With as dismal as the world seem sometimes, it's nice to remember the ways your life doesn't suck. Now, list three things you've heard recently-- insults, descriptions, phrases -- that you're glad were not referencing you or do not apply to you.

1.) "with impacted bicuspids"
2.) "grossly unqualified"
3.) "asshole the size of a Mason jar"

I am so fucking sure.

Current Mood: disappointeddisappointed
08 May 2008 @ 11:30 am
I was on the balcony, and I swear I heard a bird singing, "You're prett-tee, you're prett-tee!" I thought, Bird, you're crazy. Then it occurred to me, Dana, honey, you're talking to birds.
13 April 2008 @ 05:40 pm
On Friday, we saw the Royal Shakespeare Company's production of The Merchant of Venice. We had amazing fourth row seats, but I'm not sure there's a bad seat in the Courtyard Theatre. The production was so incredibly good. It was dramatic and humorous and just wonderful, with particularly lovely performances* by Shylock, Bassinio, and Portia.
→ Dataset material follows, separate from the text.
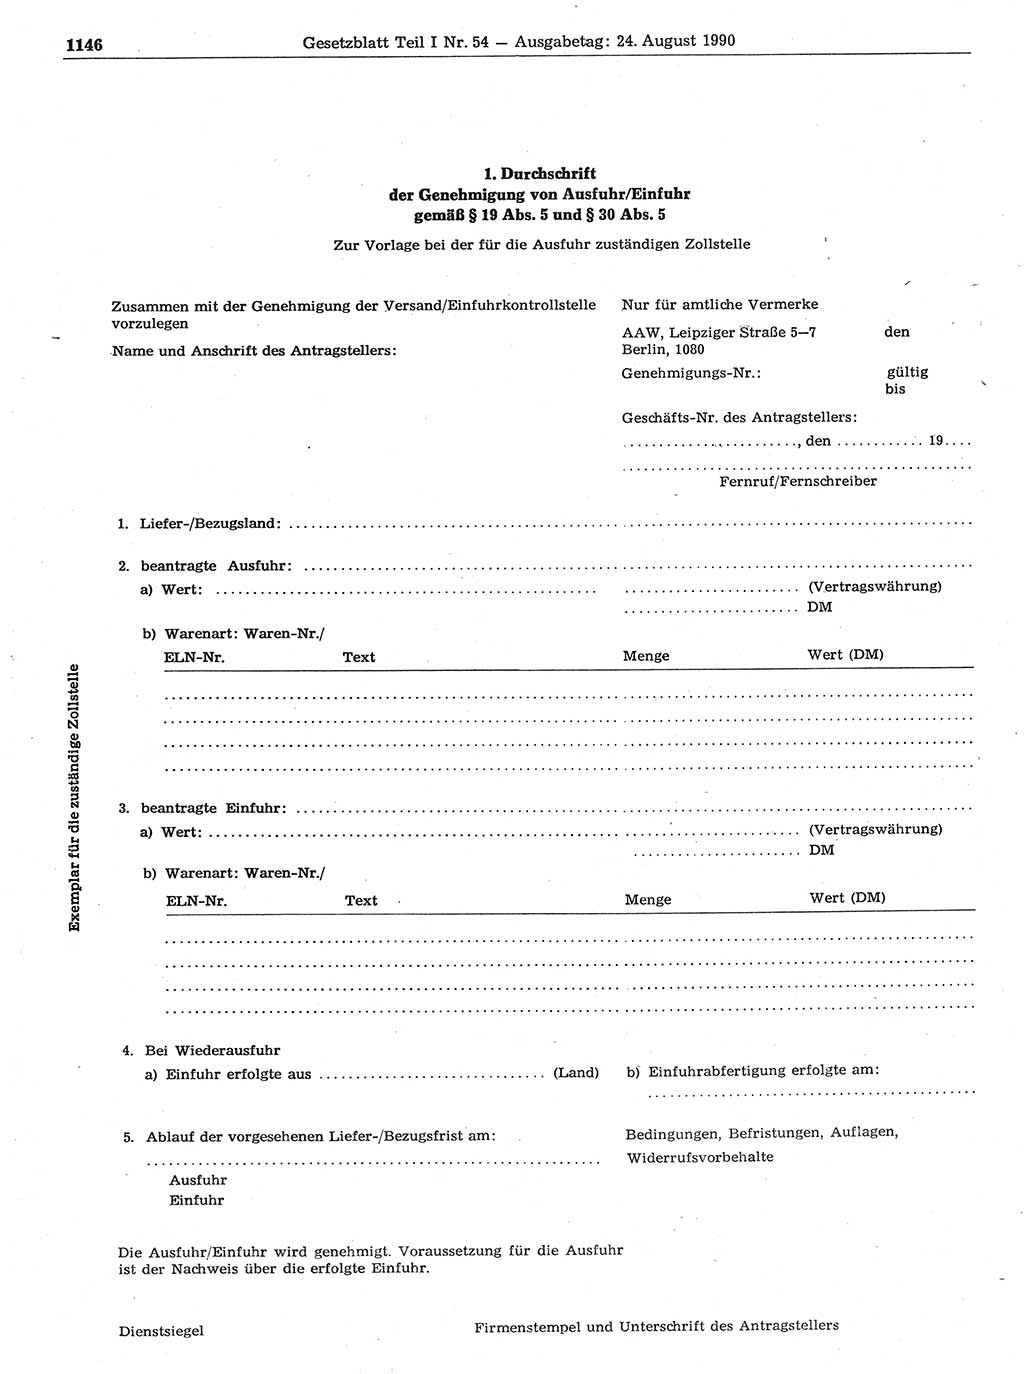 Gesetzblatt (GBl.) der Deutschen Demokratischen Republik (DDR) Teil Ⅰ 1990, Seite 1146 (GBl. DDR Ⅰ 1990, S. 1146)

Today, we went to Holy Trinity Church, where Shakespeare is buried. We've been there before, but today we went back with the camera. On our way back to the flat, who should we see outside of Carluccio's but Jack Laskey (Bassanio) and Georgina Rich (Portia). After a brief moment of starstruck indecision, we decided to go back to Carluccio's, get a drink for take-away, and say something to them. I said, "I'm so sorry to interrupt, but we saw you on stage Friday, and it was just wonderful." Chris also told them it was wonderful, and we both thanked them profusely for the performance. They were so gracious, and said that it was a nice interruption. It was great! We talked to Bassanio and Portia!! In retrospect, we kind of wish that we'd thought about the fact that we had the camera, but I refuse to let regret rain on my Shakespearean parade.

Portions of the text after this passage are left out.